2 Kings 2: 1-12; Psalm 50: 1-6; Mark 9: 2-9
******** United Church of Christ
February 26, 2006 (Transfiguration Sunday)
Elijah was one of the greatest, if not the greatest, prophets in Israel. A prophet was someone who was chosen to read the signs of the times of his people and then proclaim to the king and to the people what would happen in their relationship with God if events continued to unfold, what could happen if they changed course; the kind of preaching that happens when one has a Bible in one hand and a newspaper in the other, as William Sloan Coffin puts it. Elijah was prophet to the people and to the kings of the northern kingdom of Israel in the 9th century BCE. Because of the miracles he performed and the miraculous events that followed him, his fame grew beyond legend to the point of being regarded as the one who would usher in the Day of the Lord, the end of time when God and righteousness would reign.
Now we join his story at its end, after he has walked the length and breadth of Israel, when he is to be taken up into the heavens. He is with his disciple and chosen successor, Elisha. Both know somehow that Elijah’s time has come, but neither of them will speak of it. Even so, their emotion is palpable; even though it is not stated outright we can glean a sense of how close their master/student relationship has been. Elijah gives Elisha (and perhaps himself) a way out this painful goodbye three times; three times Elisha vows to stay with Elijah as long as he lives. It is a scene reminiscent of Ruth and Naomi, when Ruth promises to go with Naomi to a foreign land to be her daughter.

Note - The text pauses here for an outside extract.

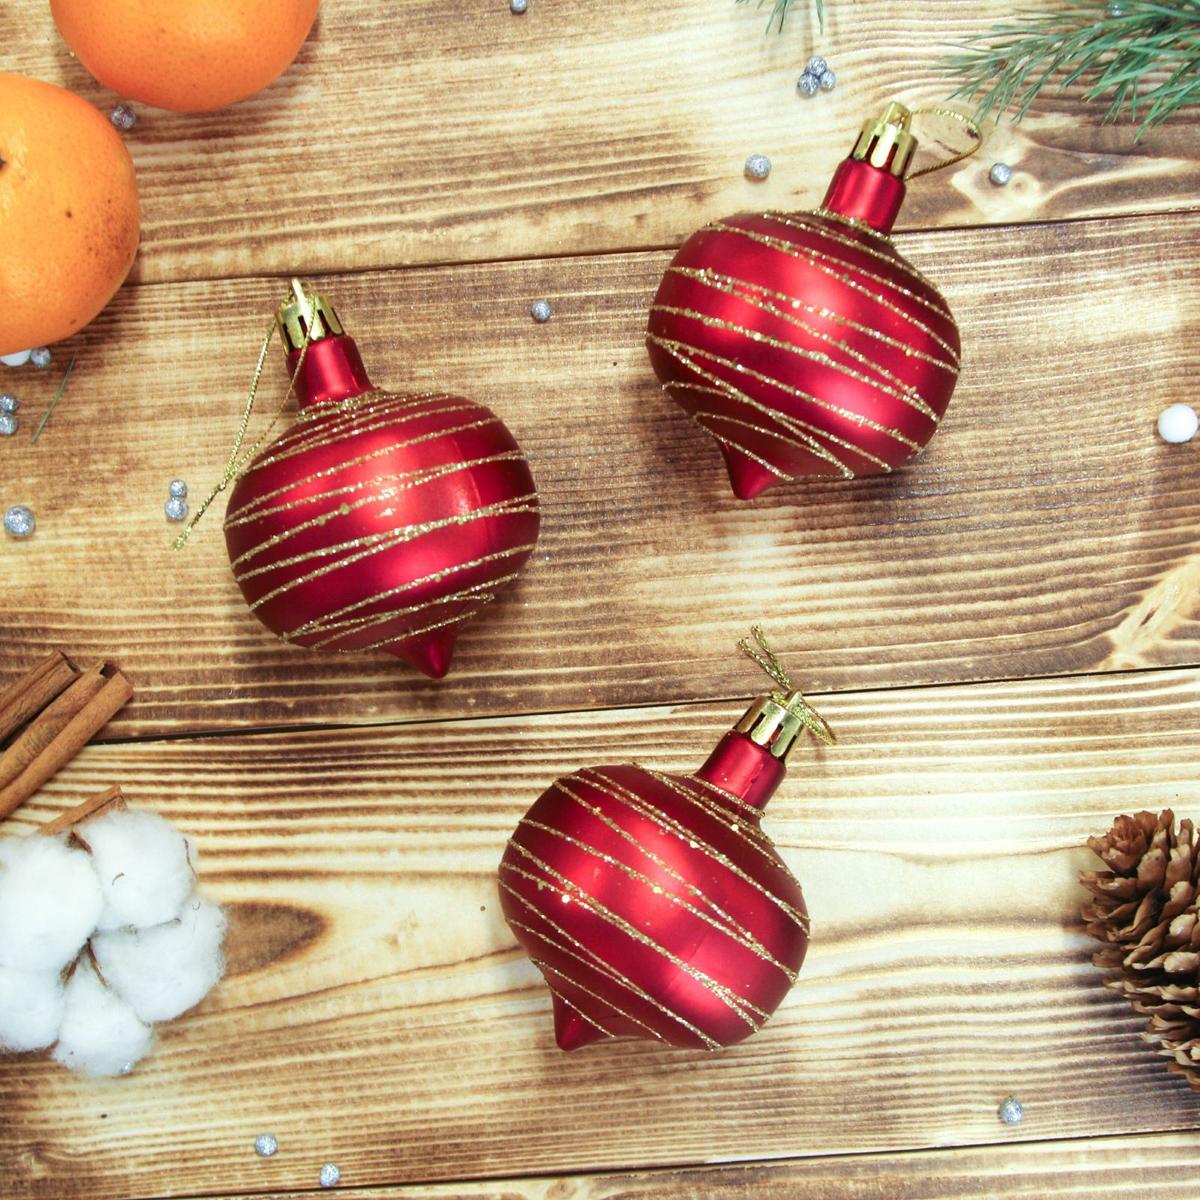 Украшение новогоднее елочное Sima-land Юла, 6 см, 6 см2372188Невозможно представить нашу жизнь без праздников! Мы всегда ждём их и предвкушаем, обдумываем, как проведём памятный день, тщательно выбираем подарки и аксессуары, ведь именно они создают и поддерживают торжественный настрой.

When they finally reach the Jordan River and cross over, imagery we now use for passing from this life into the next, Elijah grants Elisha a final gift of their friendship. By his answer we can hear what he is not asking for: “I’ve learned everything I can from you about being a prophet, a leader, how to turn the people toward the Lord, except how to be a prophet without you. I can’t beg you or the Lord that you should stay. I’ll ask for the next best thing.” Elisha asks for a double-share of his spirit. A son would normally receive a share, a third of the father’s possessions as an inheritance; to double that might put the rest of the family in jeopardy. It is a hard thing for Elijah to grant for it is not up to him to decide; God will make the decision if Elisha is to receive this.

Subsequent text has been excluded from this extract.